# [About this task]
Throughout the entries below, report every line where "Modern" is found.

(Data excerpts)

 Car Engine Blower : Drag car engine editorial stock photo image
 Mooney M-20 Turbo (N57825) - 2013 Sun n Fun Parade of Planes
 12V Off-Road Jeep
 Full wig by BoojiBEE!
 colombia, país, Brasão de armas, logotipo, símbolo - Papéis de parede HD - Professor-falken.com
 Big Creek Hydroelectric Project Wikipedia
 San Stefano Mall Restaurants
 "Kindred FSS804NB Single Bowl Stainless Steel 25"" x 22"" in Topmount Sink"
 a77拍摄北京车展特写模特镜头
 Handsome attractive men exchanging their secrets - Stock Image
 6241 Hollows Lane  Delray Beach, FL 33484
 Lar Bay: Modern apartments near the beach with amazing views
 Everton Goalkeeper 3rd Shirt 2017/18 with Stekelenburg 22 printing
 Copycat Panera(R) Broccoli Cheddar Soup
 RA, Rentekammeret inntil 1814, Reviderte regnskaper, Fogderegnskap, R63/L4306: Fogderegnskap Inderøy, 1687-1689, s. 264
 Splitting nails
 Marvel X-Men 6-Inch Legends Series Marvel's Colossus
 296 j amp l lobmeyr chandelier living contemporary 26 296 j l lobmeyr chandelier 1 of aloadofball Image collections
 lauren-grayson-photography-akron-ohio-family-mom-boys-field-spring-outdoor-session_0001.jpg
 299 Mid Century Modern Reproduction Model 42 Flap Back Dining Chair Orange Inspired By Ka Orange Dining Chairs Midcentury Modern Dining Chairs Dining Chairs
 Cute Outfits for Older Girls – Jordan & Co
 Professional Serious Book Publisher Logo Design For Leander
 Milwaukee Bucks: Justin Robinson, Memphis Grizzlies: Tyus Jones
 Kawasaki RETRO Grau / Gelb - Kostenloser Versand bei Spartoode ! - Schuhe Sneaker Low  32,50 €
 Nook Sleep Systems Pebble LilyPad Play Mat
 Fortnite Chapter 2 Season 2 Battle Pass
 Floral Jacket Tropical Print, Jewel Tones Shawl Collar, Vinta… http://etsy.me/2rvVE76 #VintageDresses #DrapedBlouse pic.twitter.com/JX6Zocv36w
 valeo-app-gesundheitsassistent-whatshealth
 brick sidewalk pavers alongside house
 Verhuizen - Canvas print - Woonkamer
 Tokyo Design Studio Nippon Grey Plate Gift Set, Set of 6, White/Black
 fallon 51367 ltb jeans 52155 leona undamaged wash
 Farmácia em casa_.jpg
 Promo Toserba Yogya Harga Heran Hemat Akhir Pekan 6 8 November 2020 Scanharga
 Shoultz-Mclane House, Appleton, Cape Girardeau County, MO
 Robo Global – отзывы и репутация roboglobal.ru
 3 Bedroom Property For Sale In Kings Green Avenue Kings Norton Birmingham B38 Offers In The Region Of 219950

# [Your solution]
 Lar Bay: Modern apartments near the beach with amazing views
 299 Mid Century Modern Reproduction Model 42 Flap Back Dining Chair Orange Inspired By Ka Orange Dining Chairs Midcentury Modern Dining Chairs Dining Chairs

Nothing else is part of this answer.